This example was mentioned in Guy L. Steele Jr.'s talk [How to Think about Parallel Programming: Not!](https://www.infoq.com/presentations/Thinking-Parallel-Programming/), and his Google TechTalk [Four Solutions to a Trivial Problem](https://www.youtube.com/watch?v=ftcIcn8AmSY).  Guy L. Steele Jr. believes that it should not be the programmer’s job to think about parallelism, but languages should provide ways to transparently run tasks in parallel. This requires a new approach in building languages supporting algorithms built on independence and build-and-conquer principles rather than on linear decomposition of problems.

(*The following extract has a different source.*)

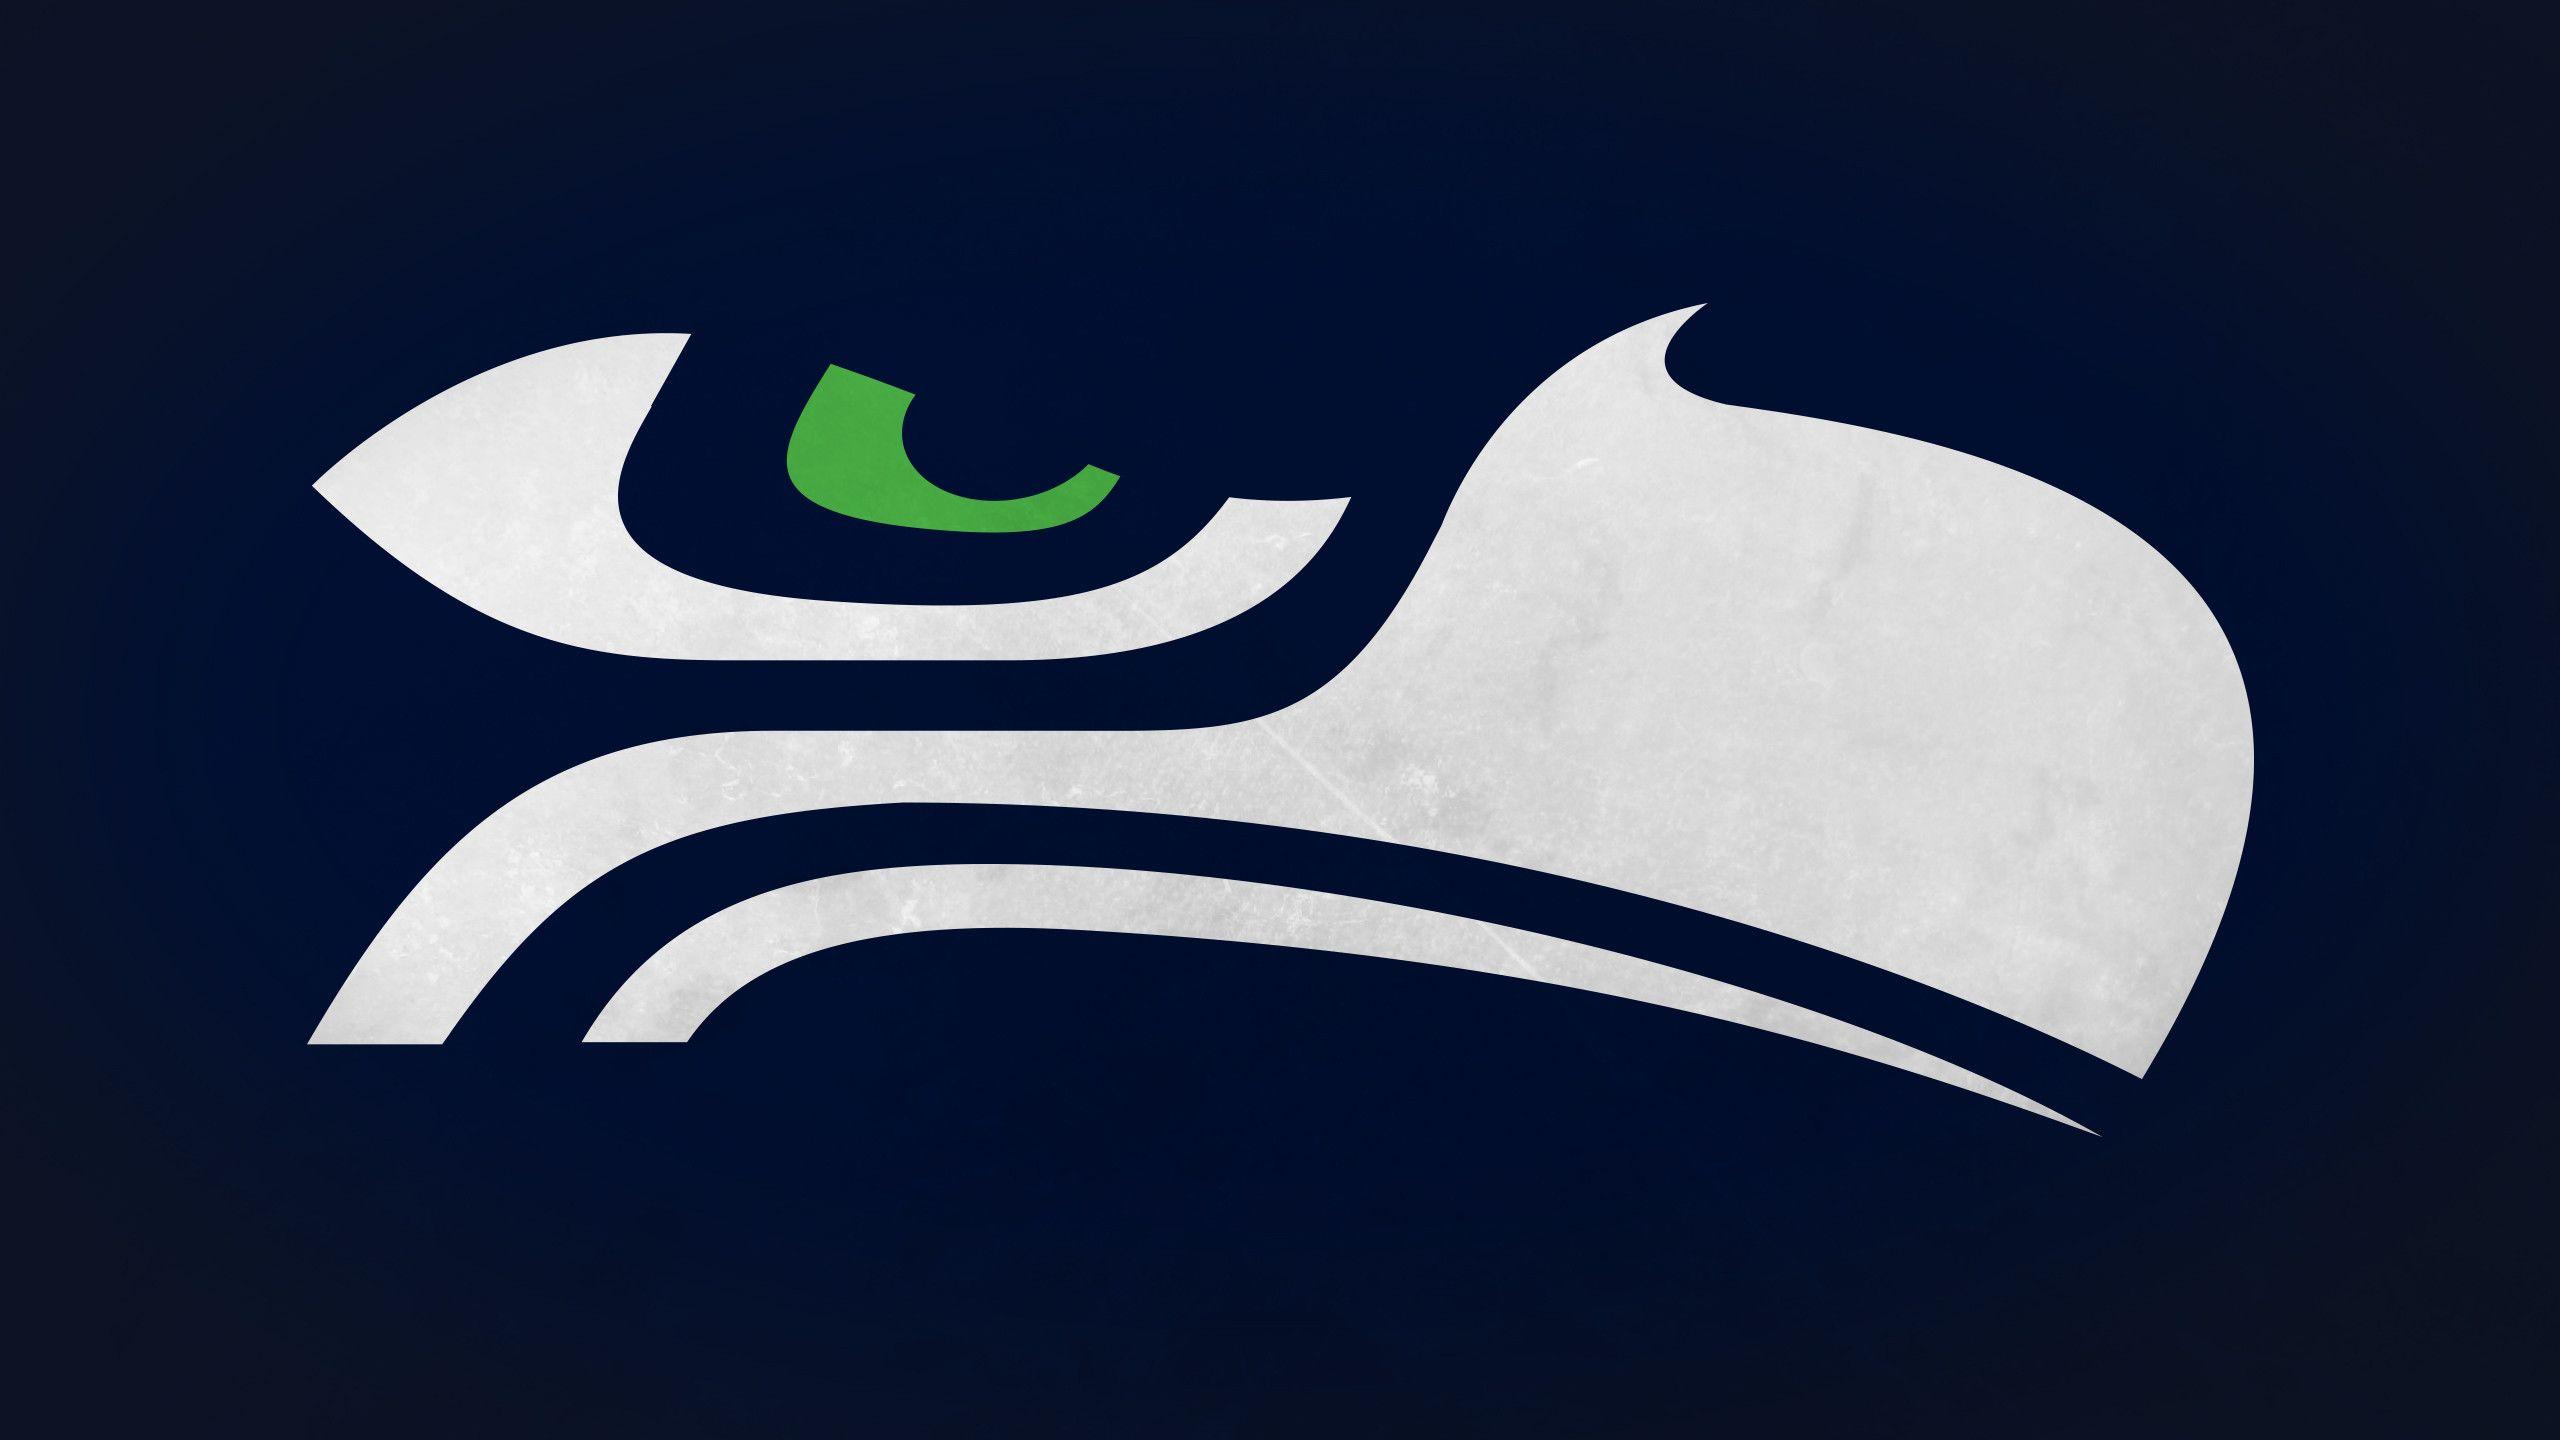 Image for Seattle Seahawks Logo Vector Seattle Seahawks

<!-- Algebraic properties needed: Associative, Cummutative, Idempotent, Identity, Zero. Thatis grouping, order, duplicates don't matter. One value or all the rest value can be ignored. -->

Guy's talk inspired [several julia packages](https://juliafolds.github.io/data-parallelism/tutorials/quick-introduction/), e.g., `Folds`, `FLoops`, `Transducers`. You are encouraged to go through this short introduction. 

## Parallel using `Distributed`, and `Threads`

We use here the famous $\pi$ estimating with Monte Carlo methods. We draw random points in sqaure defined by (0, 0), (0, 1), (1, 1), (1, 0), the proportion of points within the quarter unit circle in the first quadrant is $\frac{\pi}4$.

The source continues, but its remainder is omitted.